Please guys help me,i am really Confused

ccnaomkar

there are lot of certification

check below websites and then see what u want to do
EC COUNCIL-www.eccouncil.org/

ISC2-www.isc2.org/

GIAC-www.giac.org/

CISCO-www.cisco.com/web/learning/le3/ccie/security/

CHECKPOINT-www.checkpoint.com

OFFENSIVE SECURITY-www.offensive-security.com/

COMPTIA-certification.comptia.org/getCertified/certifications/security.aspx

INFORMATION ASSURANCE CERTIFICATION REVIEW BOARD

www.isaca.org/

Paraben's Computer Forensic Software and Training

Sahil Arora

That's Good that if you have given me all Certifications list,but please where do i start with and how do i reach the Top Security Position.

Priston

CompTIA Security+ is a good entry level certification.

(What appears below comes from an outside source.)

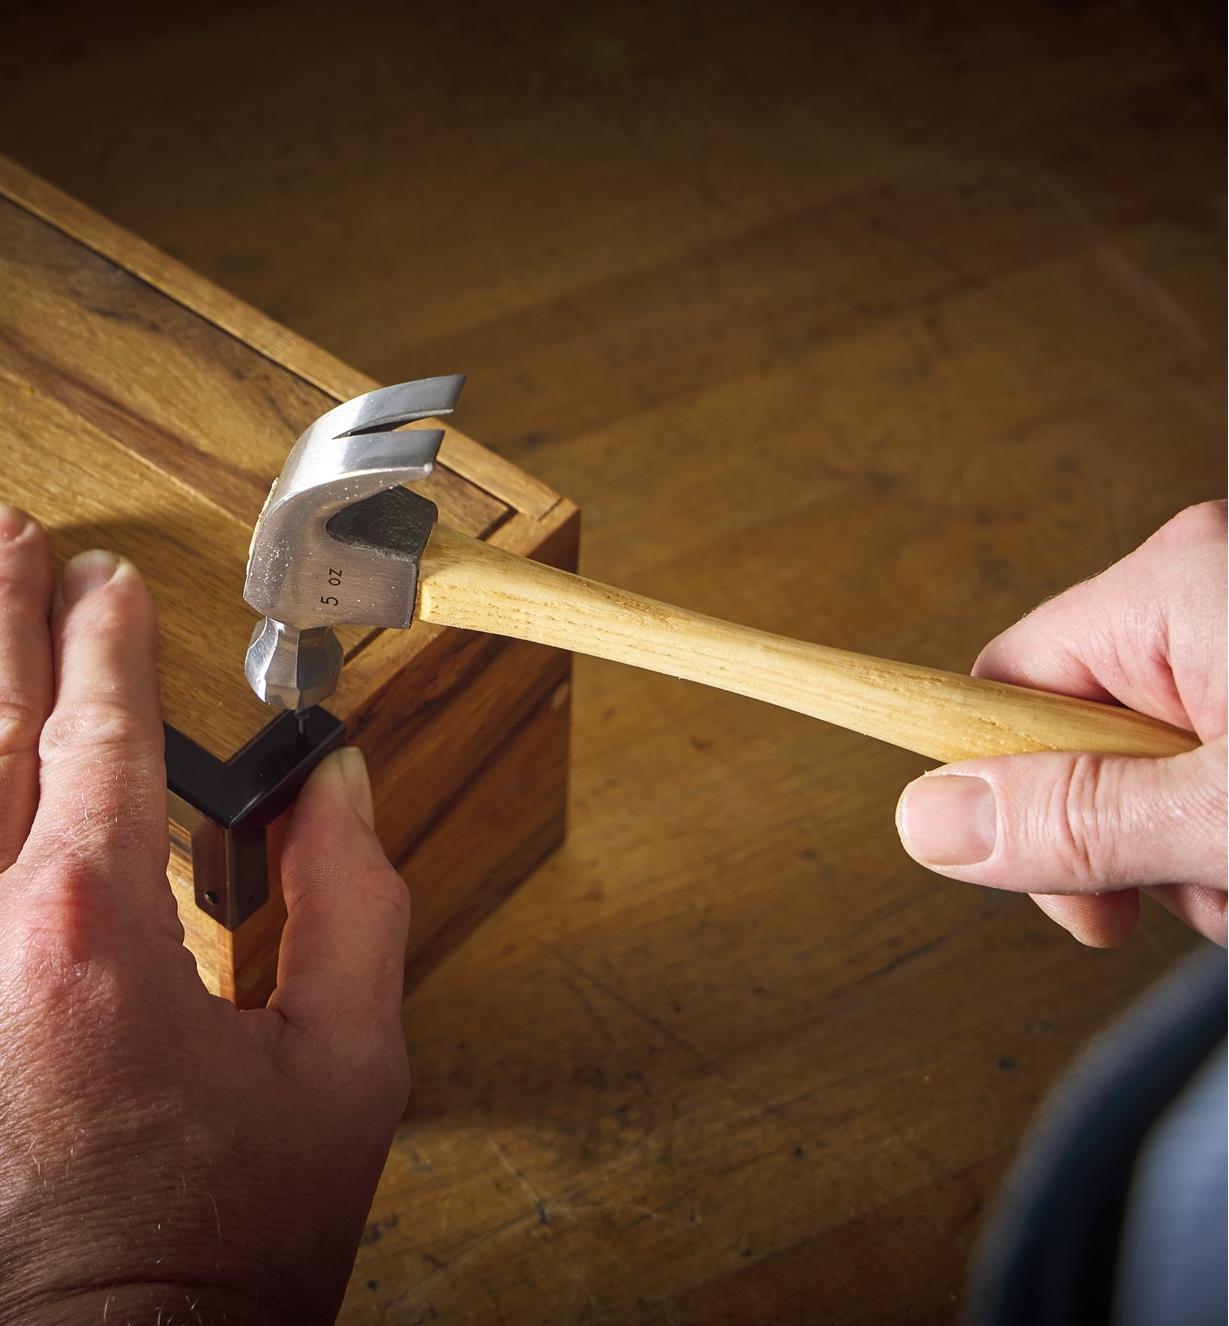 Holding a wooden box steady as a hammer drives a small nail to attach a box corner

I don't think you should be worried about how to reach the top security position, what you should be worried about is how to actually get into the field and obtain work experience.

Once you have work experience, then you can worry about getting to the top.

rogue2shadow

If you do a quick search through this sub forum you'll definitely find some good threads on starting out. Theres a wide variety of security professionals on this forum and their words are rooted in those topics.

Sahil Arora

Priston wrote: »

CompTIA Security+ is a good entry level certification.

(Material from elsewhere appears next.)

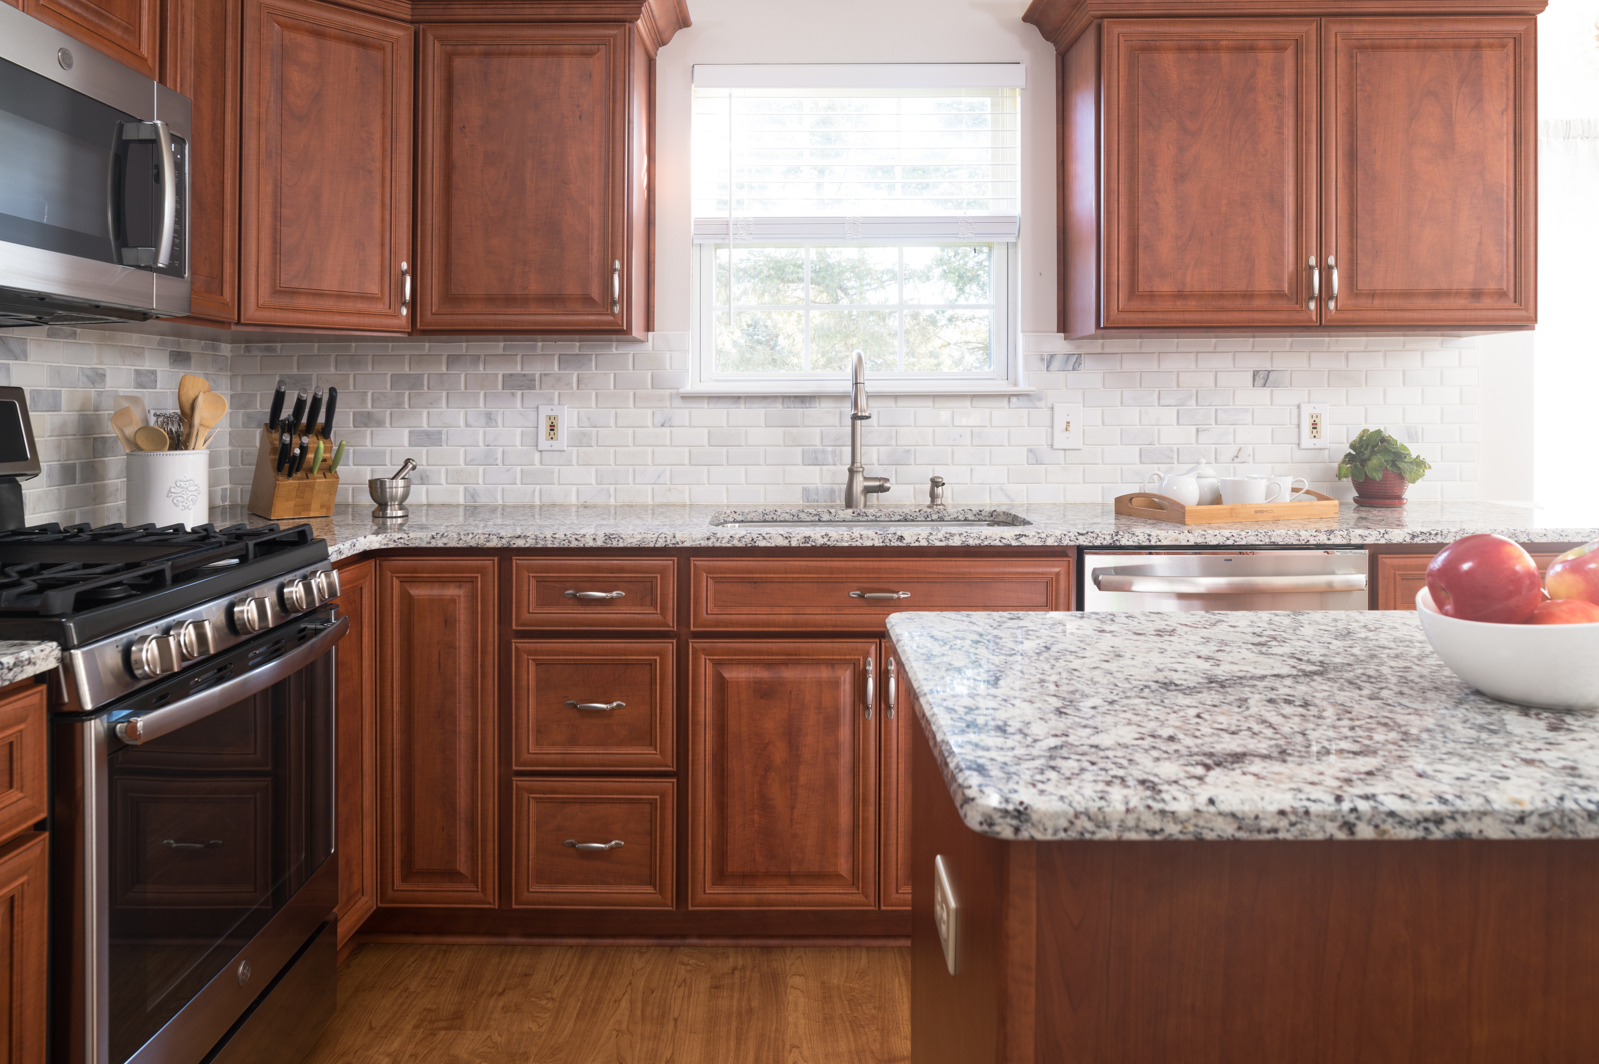 A Stunning Transitional Kitchen Makeover Featuring Cherry Cabinets

I don't think you should be worried about how to reach the top security position, what you should be worried about is how to actually get into the field and obtain work experience.

Once you have work experience, then you can worry about getting to the top.

How to get Experience,what Experience you are talking about Dude?
And i don't have Comptia A+ Certification,i am Eligible for Comptia Security Plus?

sb97

If you are in school then my usual advice is to find a paid internship either directly as a security professional or as some type of admin. In the meantime, try and figure out what area of security you would like to specialize in. From there it is much easier to set a patch to the top. As far as certifications go.... As previously stated, the Security+ is a good entry level. I would also consider some entry level vendor certs. (For instance, if network security is your thing then Cisco/Juniper/Sourcefire)

Also, if you eventually want to get into management then I would look for ways to develop your business/communication skills.

Sahil Arora

NO,I am not in School and i just want to be on Top among all Security Professionals,i don't know what that position is called,if you could give m einformation regarding that position then please help.

chrisone

Do you want to be a security manager with NO hands on technical responsibilities (just overseeing security engineers do there job) or do you want to be a security engineer with technical responsibilities with hands on security configuration/troubleshooting/designing?

To be a manager with no technical hands on go the comptia security+ , Net+ , ITIL , SSCP , CISSP direction.

To be a security engineer with technical hands on go the comptia security+, CCNA, CCNA Security, CCNP Routing/Switching, CCNP Security, CEH from eccouncil, OSCP from offensive security for your penetration testing studies.

That should be a solid base for either path.

cyberguypr

Sahil Arora wrote: »

NO,I am not in School and i just want to be on Top among all Security Professionals,i don't know what that position is called,if you could give m einformation regarding that position then please help.

The position you are looking for is called SGMU: Security God, Master of the Universe.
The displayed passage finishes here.